Ma eventually became de facto regent as the Hongguang Emperor withdrew into the inner court. The emperor's expenditures quickly bankrupted the Southern Ming treasury, causing the regime to institute monopolies, levy new taxes, and require bribes for official appointments. The last operation in particular harmed Ma's reputation and the following popular saying developed: "supervisors more numerous than sheep, bureau aides as low as dogs... swept up all of Jiangnan's cash to stuff the mouths of the Family Ma."

== Zuo Liangyu's Eastern Campaign ==
A series of mysteries regarding the Chongzhen Emperor's heir rocked the Hongguang regime in 1645. A young man, later revealed to be Wang Zhiming, impersonated the Chongzhen Emperor's eldest son. The Hongguang Emperor's approval of the imposter, rumors of severe interrogations, and general fanaticism fed into the widespread belief that the imposter was the real heir. Soon after, a woman named Madam Tong was imprisoned in Nanjing after claiming to be the Hongguang Emperor's concubine; rumors of the emperor's sexual debauchery, his mistreatment of Madam Tong, and her death in prison further damaged the regime's reputation. These rumors (alongside fears that Li Zicheng would flee into Huguang) prompted Ming general Zuo Liangyu to march eastwards towards Nanjing on 19 April to "cleanse the surroundings of the ruler." Even though Qing forces under Dodo were by now entering Jiangnan, Ma Shiying considered Zuo's invasion to be a greater threat since the Qing were thought to be appeasable.
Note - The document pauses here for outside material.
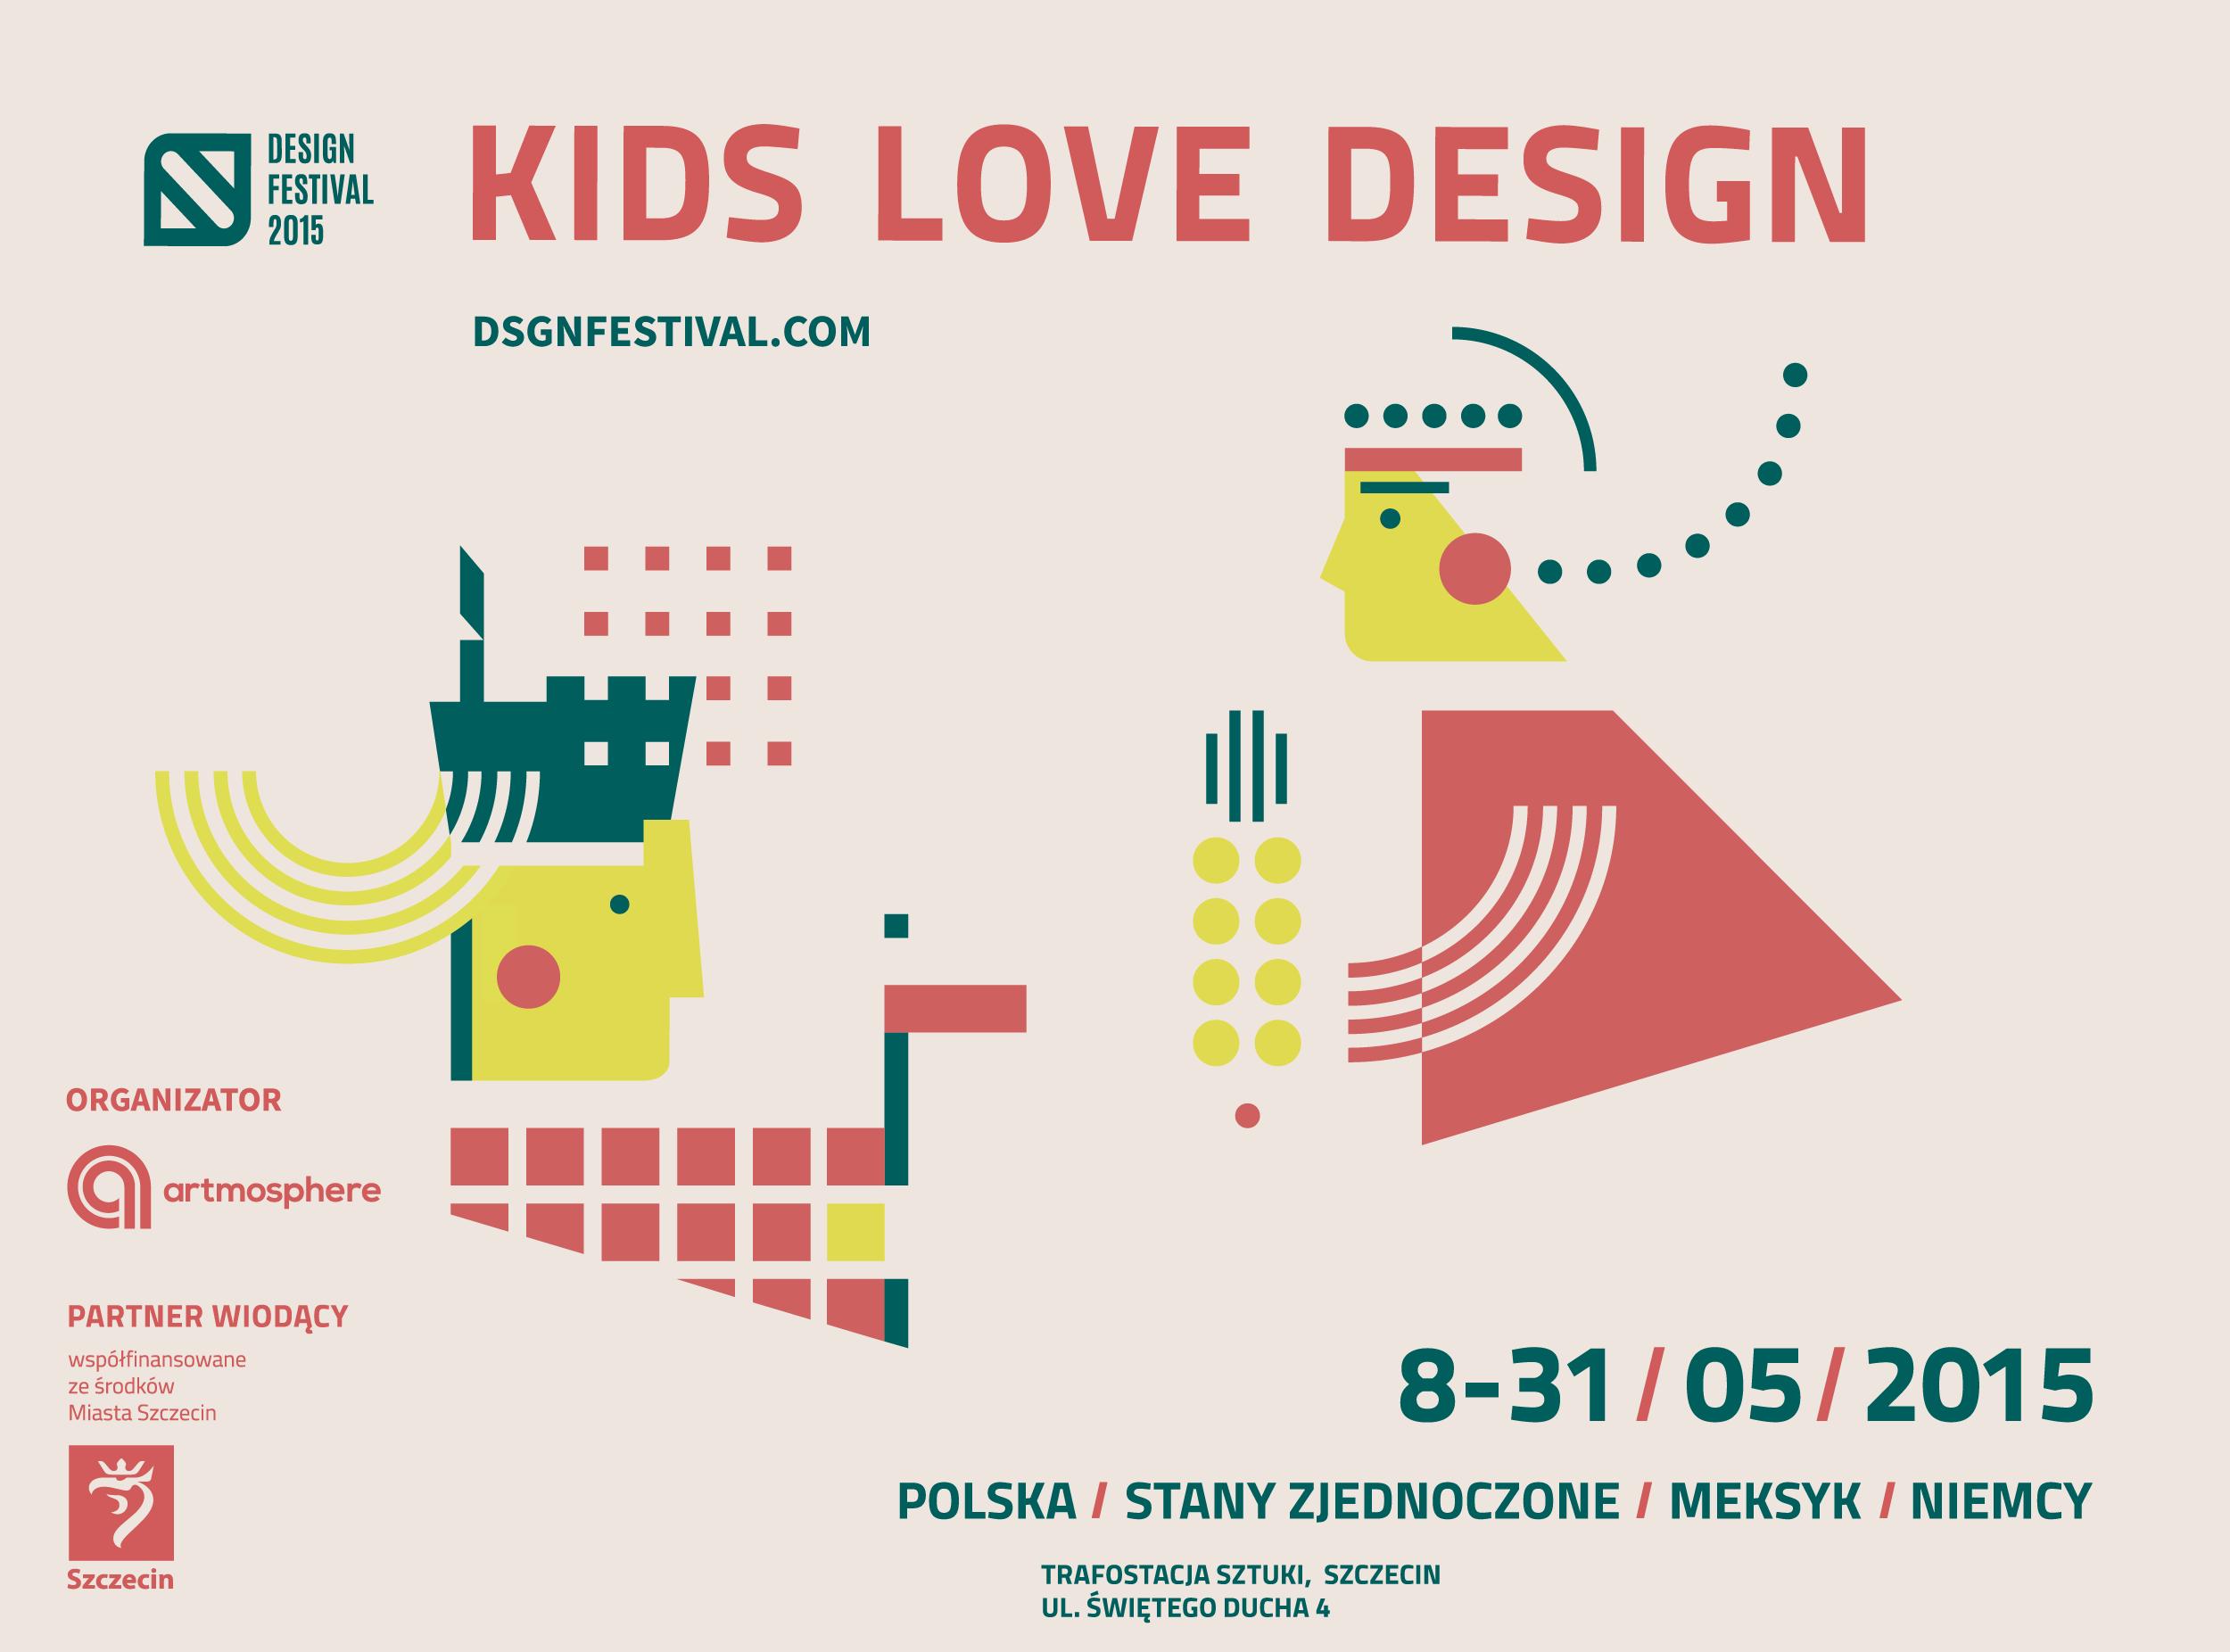 kids love design pierwszy w polsce festiwal wzornictwa dla dzieci kikimora. Black Bedroom Furniture Sets. Home Design Ideas

Ma ordered several Ming commanders north of the Yangtze river to halt Zuo's invasion, weakening Shi Kefa's position. Shi and the rest of Yangzhou would be massacred in May 1645. Zuo's army (now led by his son) would surrender to Qing forces in May near Jiujiang.

== Downfall and death ==
Zhenjiang, a city ~20 miles east of Nanjing, fell to Qing forces on 1 June. The Hongguang Emperor fled to Wuhu on 3 June and Ma Shiying fled towards Hangzhou on 4 June after discovering the emperor's absence, bringing 400 soldiers and supposedly disguising his mother as the Empress Dowager. He was denied refuge by the Prince of Lu and the Prince of Tang and died shortly afterward.

There are multiple theories regarding Ma's death:

1. He was killed by Qing forces near Lake Tai.
2. He tried to escape as a monk but surrendered in Taizhou. He was executed in Yanping after trying to contact the Prince of Tang.
3. He shaved his head in Taizhou before being killed by Qing forces. Legend says that his skin was peeled off and stuffed with grass.